Solution: Keep the nasties off your PC.
The major defensive-computing software companies have been slow to develop tools to fight this stuff. While some companies like Symantec and Trend Micro have tools that will work on some phones, many developers have held back to see exactly which direction the bad guys take. Now that threats are evolving, the defensive measures will evolve also.
But until then, to stay as safe as possible, use a non-Bluetooth phone that doesn’t have Internet or messaging capability. Stick with the manufacturer’s preinstalled ringtones, and keep your phone in your pocket at all times. If you keep the gates closed and constantly stand there watching them, you should be safe. At least for a little while.
Stay safe, and wear your vest.
Avoid the Backup Loop
Cell phones are a great backup, but don’t get caught in a backup loop. This happened during the emergency response to Hurricane Katrina. The emergency communications plan for New Orleans called for cell phones to provide
backup for land lines, and vice versa. Of course, when both networks went down, a very bad situation got worse.

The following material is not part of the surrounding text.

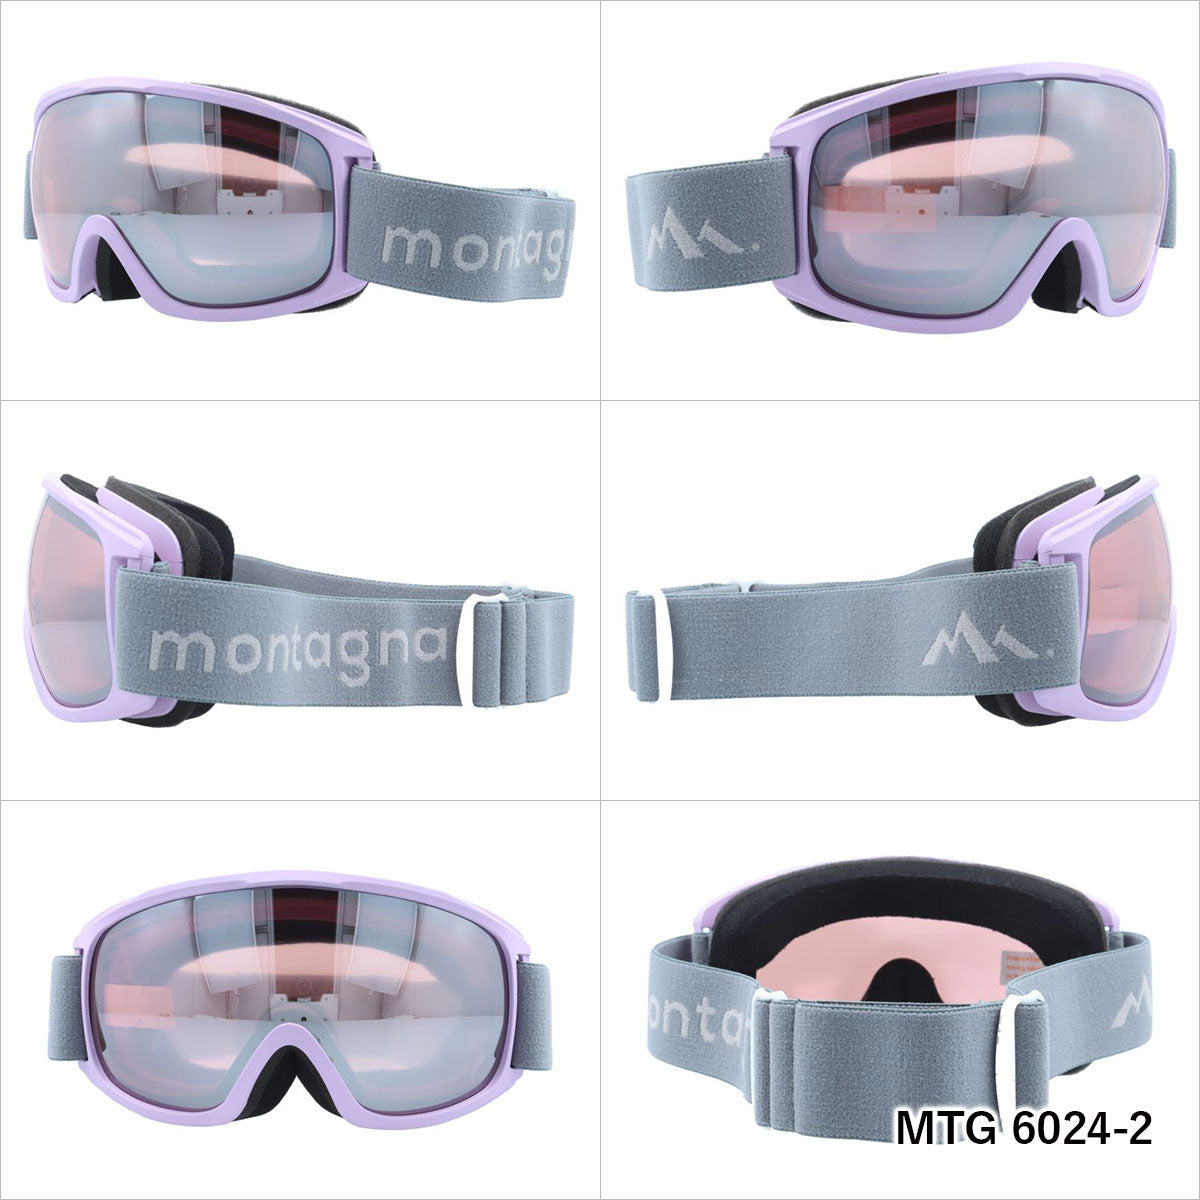 モンターニャ ゴーグル ミラーレンズ アジアンフィット montagna MTG 6024 メンズ レディース スキー スノーボード ウィンタースポーツ 曇り防止 球面レンズ ダブルレンズ 眼鏡対応
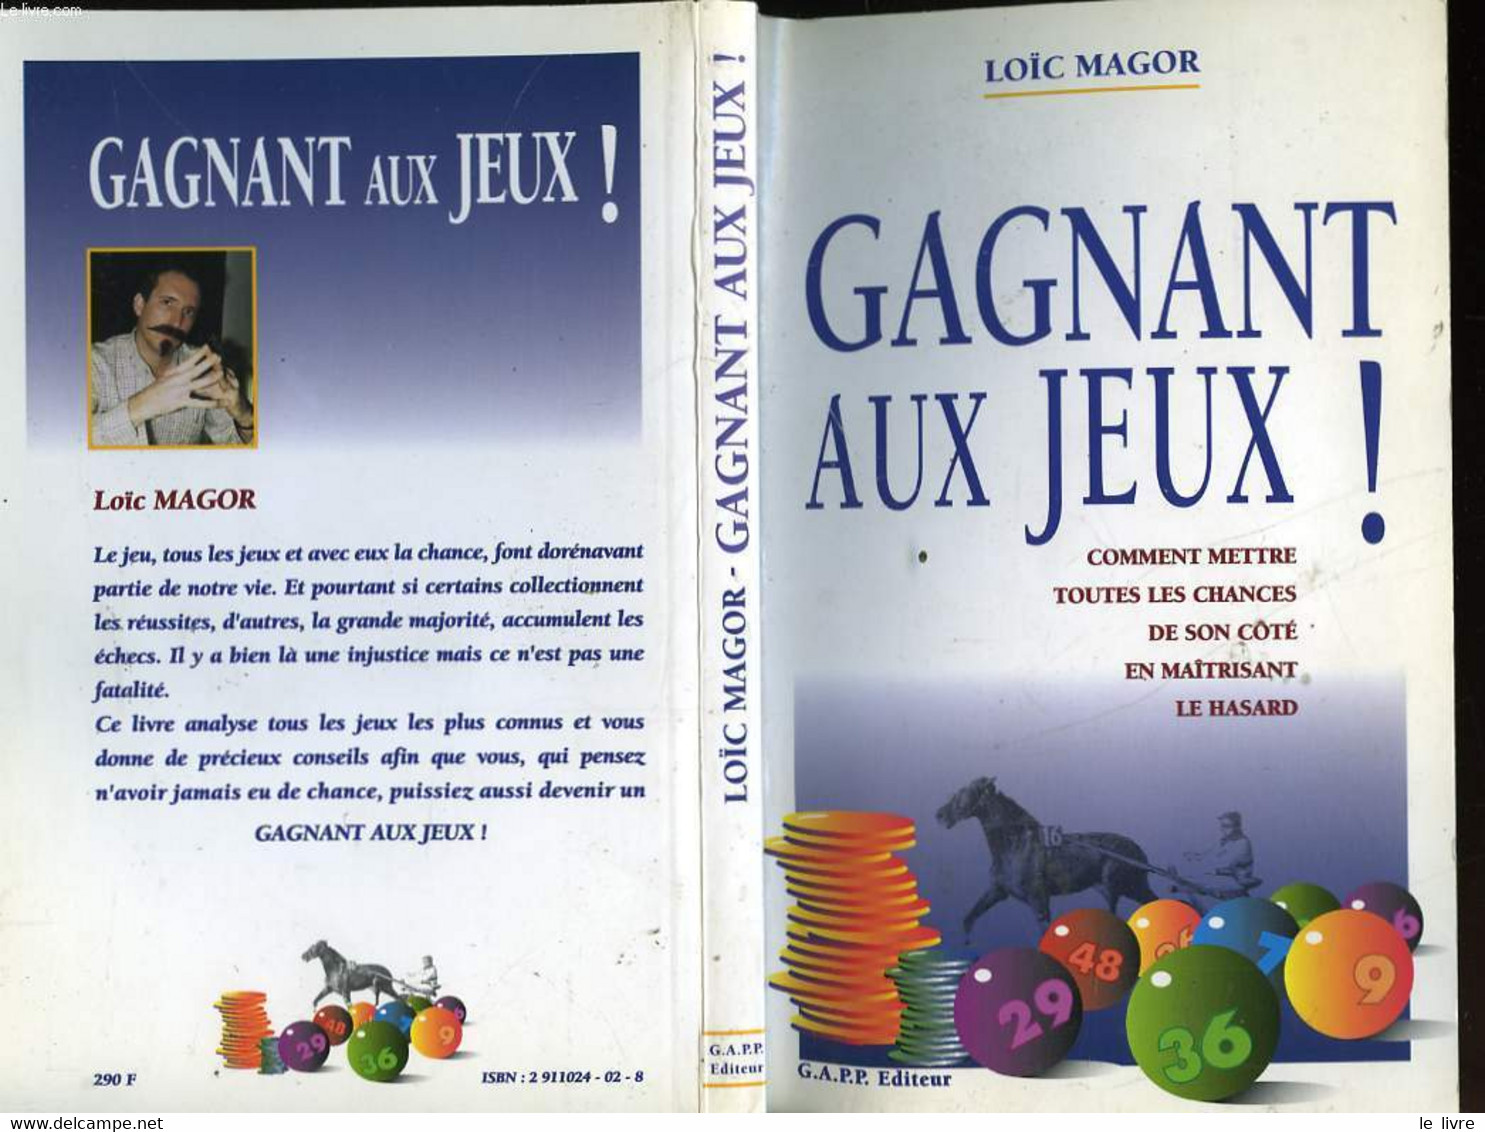 GAGNANT AUX JEUX! - MAGOR LOIC - 1995 - Palour Games

One particular cell provider (which shall remain nameless) set up its network so that its phones could not roam on other providers’
networks. When this provider’s network went down, so did its phones, and its phones are very popular in law enforcement. One friend of mine who was part of the law enforcement response to the disaster told me they were
borrowing phones that would work from other teams. Now imagine the difficulties if the radio network was down also, which it was.